The observed difference in the results of c-Myc and K-Ras gene and protein expression shows that the correlation of gene and protein expression levels in biological studies is not perfect. This is due to the complex regulatory mechanisms present inside the biological systems. The observed quantitative differences between gene and protein expression can be due to the post-transcriptional and post translational factors, such as secondary RNA structures, regulatory proteins, regulatory miRNAs, sRNAs and drug-gene, drug-protein interactions [47]. This may also be due to the differences in the sensitivity of these analytical techniques.

The expression of antiapoptotic proteins of Bcl-2 family are found to be upregulated in different cancers including colorectal cancer. High levels of Bcl-2, Bcl-xL, and Mc1-1 are observed in CRC and this is associated with the high metastatic behaviour in different cancer cell lines and attributes towards the high grade tumor and poor prognosis in CRC patients [48].

EGCG, a natural flavonoid and the constituent of green tea has shown its anti-proliferative effect by inhibiting the expression antiapoptotic proteins Bcl-2 and Bcl-xL [49]. In this study qRT-PCR analysis and immunocytochemistry data shows that LSG also significantly reduced the expression of Bcl-2 and Bcl-xL in a concentration dependent manner, which is similar to the effect observed by the treatment of standard drug 5-FU.

Conclusion

In conclusion, present study demonstrated for the first time that LSG treatment of HT-29 cells caused S phase arrest of the cell cycle and induced apoptosis by decreasing the levels of survival proteins Bcl-2 and Bcl-xL. Furthermore, the results also provided evidence that LSG plays its anti-proliferative role against colorectal cancer cells by downregulating the transcriptional activity of Wnt/β-catenin signalling pathway and decreasing the levels of K-Ras.
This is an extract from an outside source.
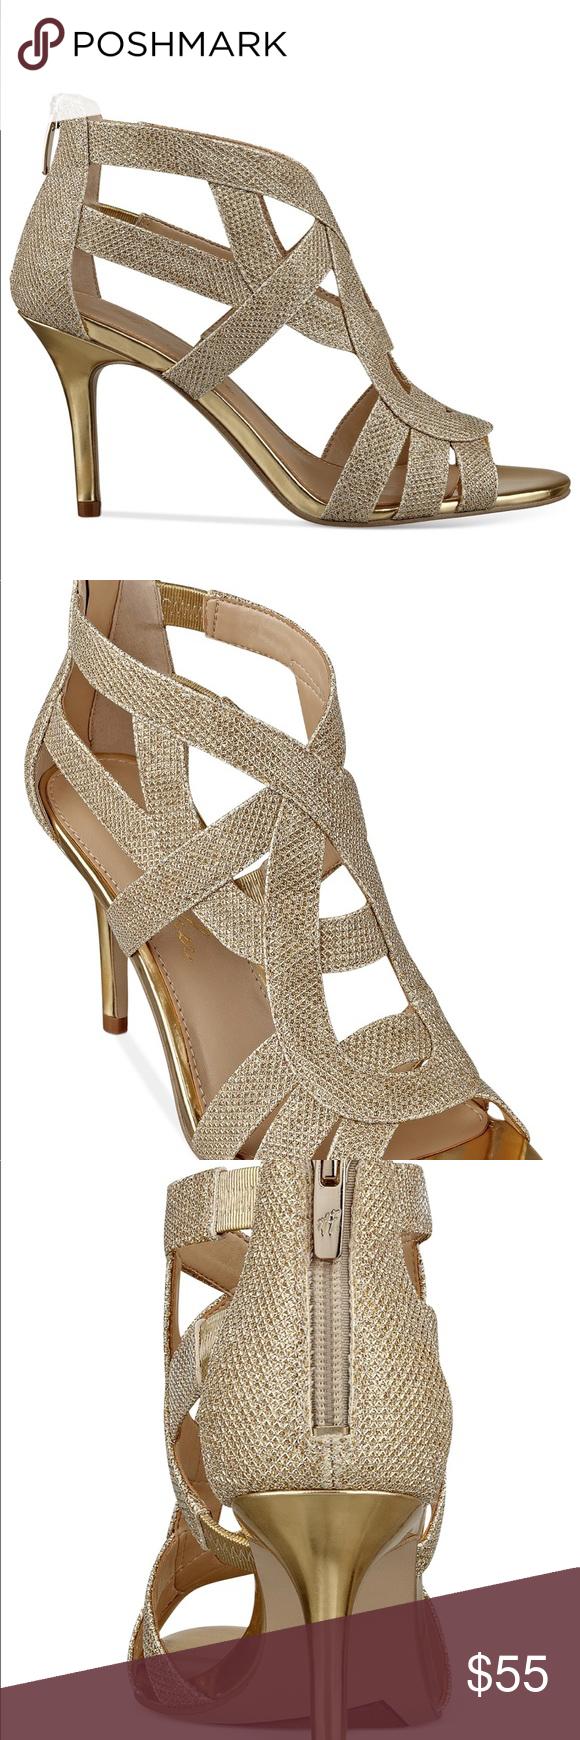 dba1908f15de Marc Fisher Nala Evening Sandal Gold 6.5 Marc Fisher Nala Mid Heel Evening  Sandals Gold -

These observations suggest a multi targeted anti-tumour effect of the lawsonaringenin. Furthermore, the IC50 value of LSG appears to be low, however pre-clinical studies are required to determine the effective dose and if this can be achieved by dietary vs pharmacological approaches. Our data suggest that LSG has a potential to be a potent anti-cancer drug for colorectal cancer; however, pre-clinical and clinical studies are required for the development of LSG as a chemotherapeutic agent.